Cizre şehitleri anıldı

Bu arada 79 gün süren sokağa çıkma yasakları esnasında katledilenler, dün Cizre’de Demokratik Toplum Kongresi (DTK) Eşbaşkanları Leyla Güven ve Berdan Öztürk, HDP Şırnak milletvekilleri Nuran İmir, Hasan Özgüneş ve ailelerin katılımıyla anıldı. Anmanın yapıldığı salona, Cizre Halk Meclisi Eşbaşkanı Mehmet Tunç’un, “Biz direndik, diz çökmedik. Bizimle gurur duyun” sözlerinin yer aldığı pankart asıldı.
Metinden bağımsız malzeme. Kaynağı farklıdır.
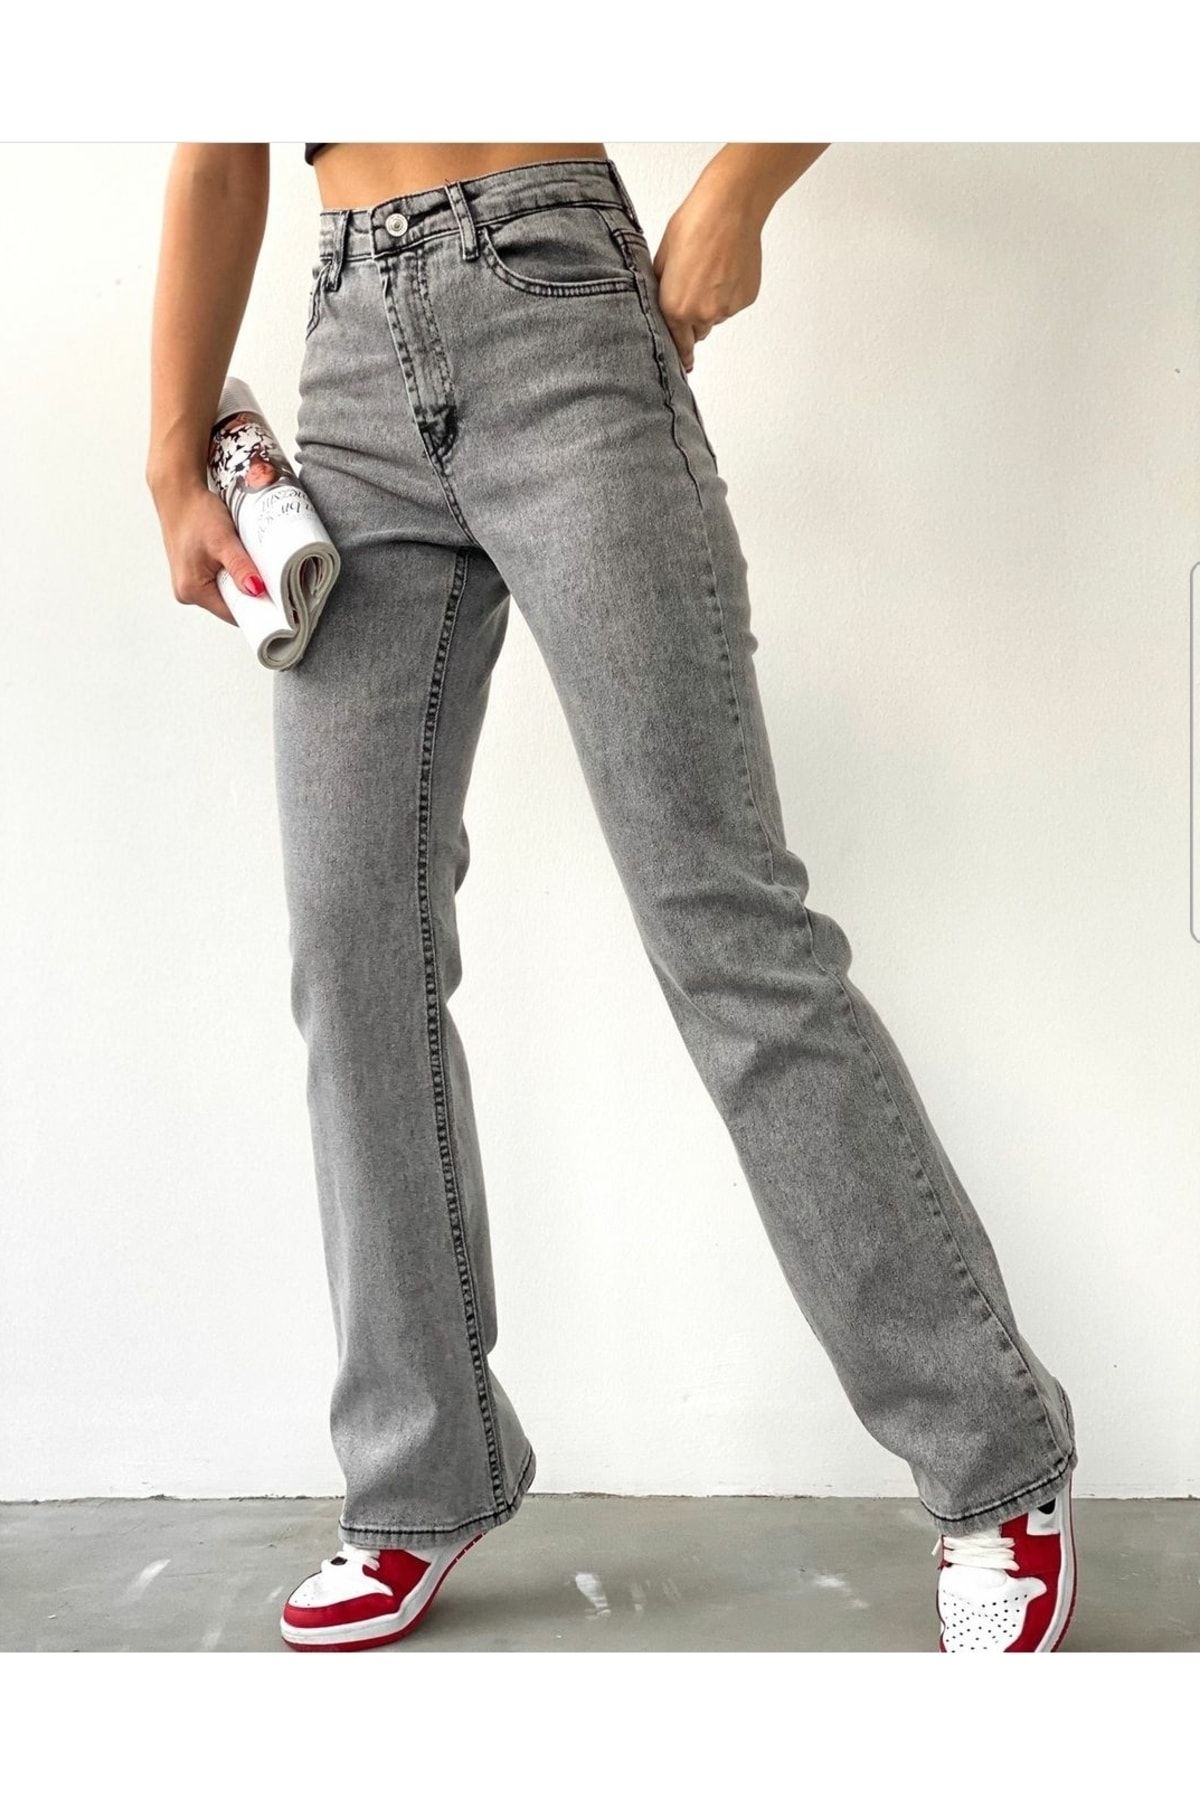 Subdued green/grey cargo pants, low rise baggy fit
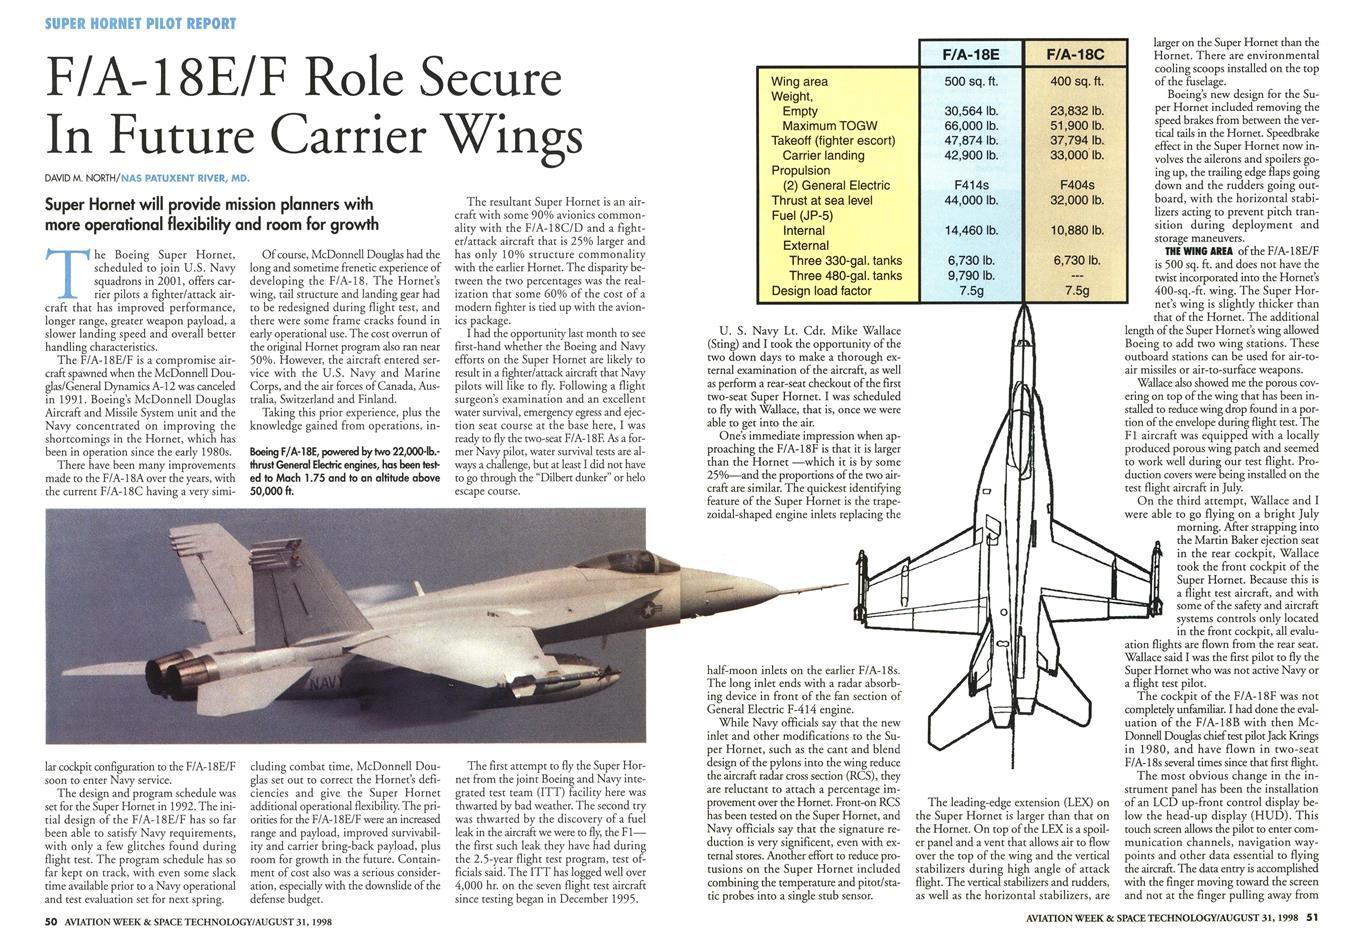 Defense Aircraft Pilot Reports - From The Archives | Aviation Week Network

DTK Eşbaşkanı Berdan Öztürk, ‘Çöktürme Planı’na karşı öz yönetim direnişi verildiğini belirterek, ”Kürtler katliamla yüz yüze kaldı, göç etti ama hiçbir zaman özgürlük mücadelesinden vazgeçmedi. Umudumuz, inancımız olduğu sürece kazanacağız. Umutluyuz, inançlıyız” dedi.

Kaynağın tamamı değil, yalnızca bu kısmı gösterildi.